Work package 3. Collections digitisation

WP 3 Leader: Assoc. Prof. Borislav Guéorguiev

This WP is focused on digitisation of substantial part (c. 50%) of the collection lots and publication of this digital information organised in a database. We envisage about 25% of the database entries to be accompanied with digital images of specimens. In general, in the frames of the duration of this project (4 years), we plan to digitise 1,000,000 collection lots – 500,000 lots from the collections of IBER-BAS and 500,000 lots from the collections of NMNHS-BAS. The activities planned in WP3 include: (i) setting up a digitisation plan and technical design to secure smooth flow of digitisation process as well as management and coordination of the digitisation process; (ii) organising, conducting and monitoring of digital activities, including basic work on digitisation of collections and preparation of databases as well as quality control and verification of digitisation, and (iii) data management processing, including prior-publication processing the digital record and images to make them published and freely accessible. To reply to the needs of the DiSSCo-BG associated with the mass digitisation, investments will be made in technical areas such as imaging, e- infrastructure services, e.g. resources for storage, computing, networking, tools for data management, security, access, etc., through significant investments managed in WP2. The developed web-based Collection Information System (CIS) will be used for storage and access to the comprehensive information on the IBER-BAS and NMNHS-BAS collections. This web- published and freely accessible database will consist of two components – Digital Collection Catalogue (DCC) containing the information oft the collection entries as presented in the registers and Digital Image Library (DIL) containing digital images. Both modules will be able to "communicate constantly". CIS will be built using open source software, e.g. PostgreSQL-like software can be used as an integrated database environment and PostGIS-like software for spatial data. Database nomenclature will be in line with the basic standards of Darwin Core as well as with GBIF to allow for data interoperability. The CIS will support a number of functionalities, such as:
  • block export of all information (e.g. for backups)

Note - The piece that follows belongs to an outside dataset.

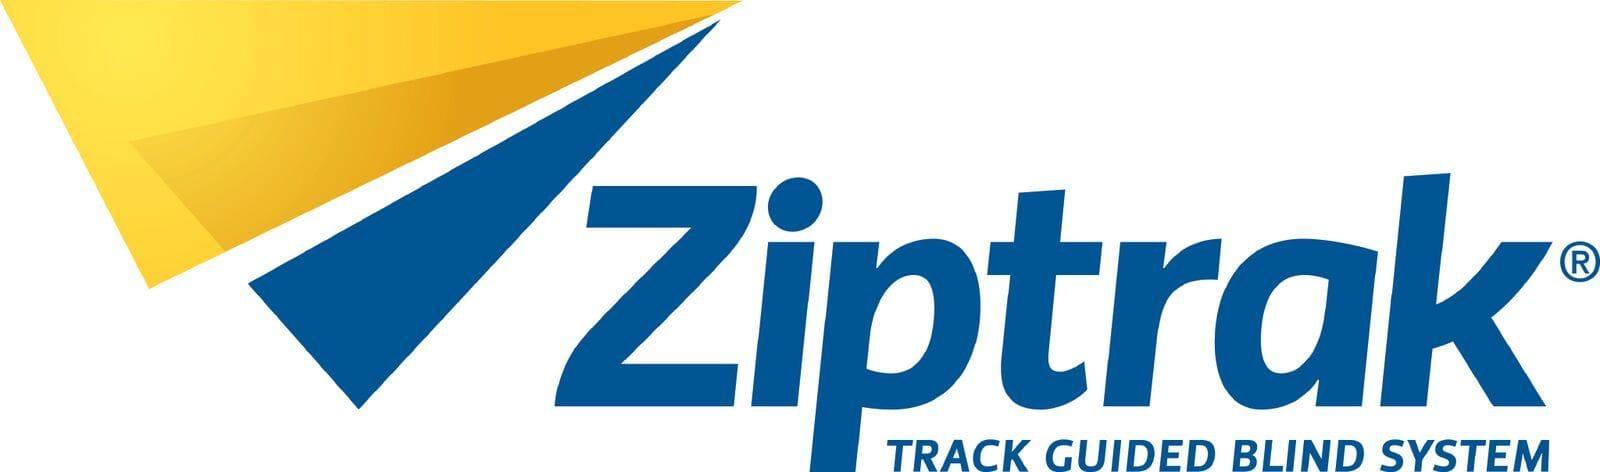 Ziptrak Track Guided Blind System | Custom Blinds & Shutters Gold Coast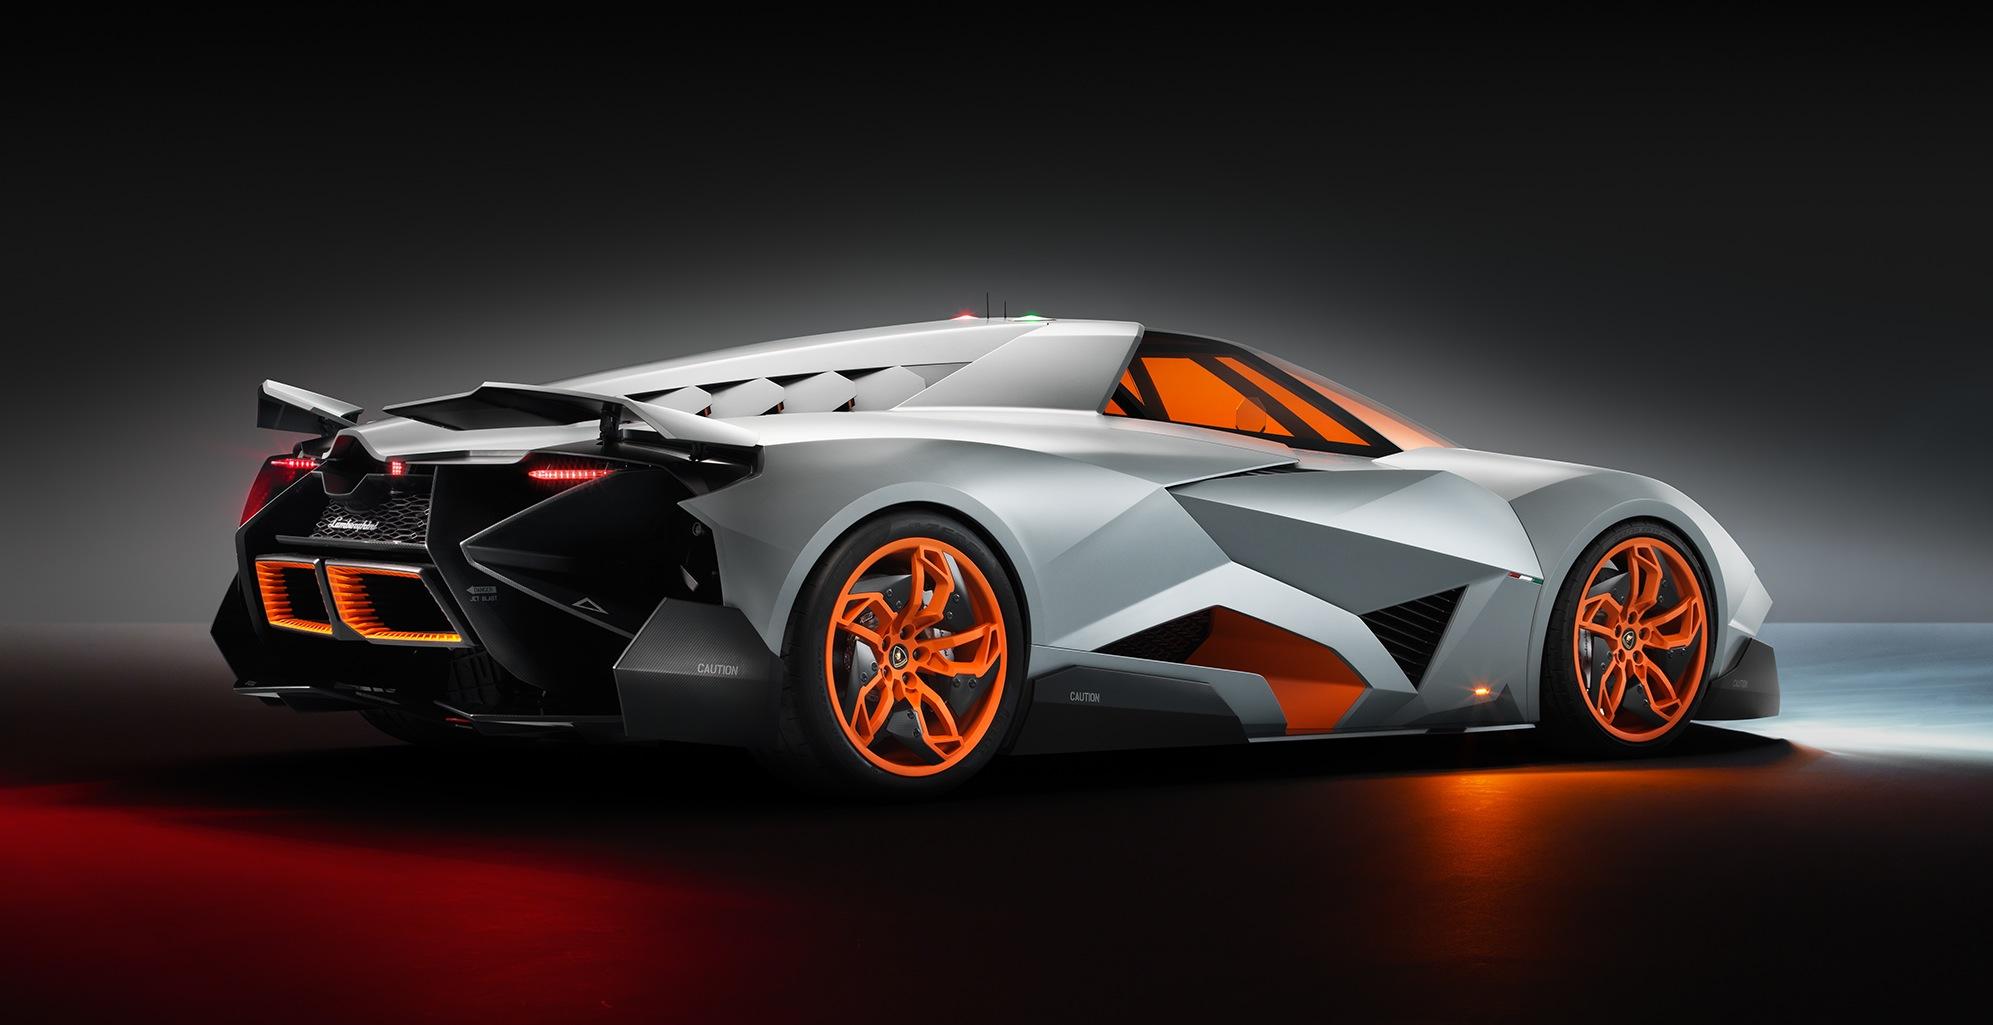 Egoista Super Car Price

  • export of selected data based on filters (e.g. for specific queries by researchers)
  • producing a map with the geographic location of each individual unit
  • ability to display data to the IBER-BAS and NMNHS-BAS sites
  • block import from other, already existing but different software databases
  • ability to automatically share information to other databases such as pan-European DiSSCo RI portal and others
To improve and facilitate the whole process and accessibility of the data, a mobile (Android based) version will also be developed. Considerable attention will be paid to CIS security as well as allocation of data access. The public profile will provide basic information about the individual lots (= collection units presented in both collection registers and database as a single record). Access levels, in descending order, will be: Database Manager, Administrators, Moderators and Regular user. CIS will be uploaded to a virtual server, which provides significantly more flexibility in operation as well as better information security. CIS will be archived as two back-up copies on weekly basis, one of them using the storage capacity of the Institute of Information and Communication Technologies – Bulgarian Academy of Sciences and one on external storage.
Objectives
  • Coordination and supervision of digitisation process.
  • Coordination of consultations with contact persons of the pan-European DiSSCo RI in order of unification of standards.
  • Building up digitisation management framework – core digital activities; recourses for digitisation; digitisation strategy; digitisation plan; governance for digitisation activities.
  • Implementing web-based database interoperability software for data and metadata capture, datasets interaction and data aggregation.
  • Primary work on digitisation of biological collections – digital conversion of biological objects and populating databases.
  • Quality control and verification of digitisation records – digitisation process monitoring.
  • Managing data and sharing data, including metadata capture – data management process.
  • Ensuring open source data portal solution for open data publishing.
Description of work
Task 3.1. General management and coordination of digitisation process
Task Leader: Assoc. Prof. Borislav Guéorguiev
This task is scheduled for the entire duration of the project. It includes implementation of the following activities:
  • preparation of the digitisation plan: a) time priorities; b) identifying what parts and which collections; c) assigning specific responsibilities; d) identifying formats, standards, technologies, storage, and maintenance; e) defining rules for sharing data
  • metadata access and intellectual property; f) distributing resources – funding, facilities, equipment and expertise (months 1, 2)
  • organisation of digitisation governance (months 2, 3). Governance for digitisation consists of principles, policies, procedures, roles and responsibilities associated with digitisation activities
  • regular monthly meetings of the WPB3 and technical experts belonging to the relevant work package for coordination of activities related to process of digitisation (two-days meetings per months 1, 2, 3, and one-day meeting per months 4–48)
  • regular meetings of WPB3 with the EB (one-day meeting monthly in the first year and every 2nd month afterwards)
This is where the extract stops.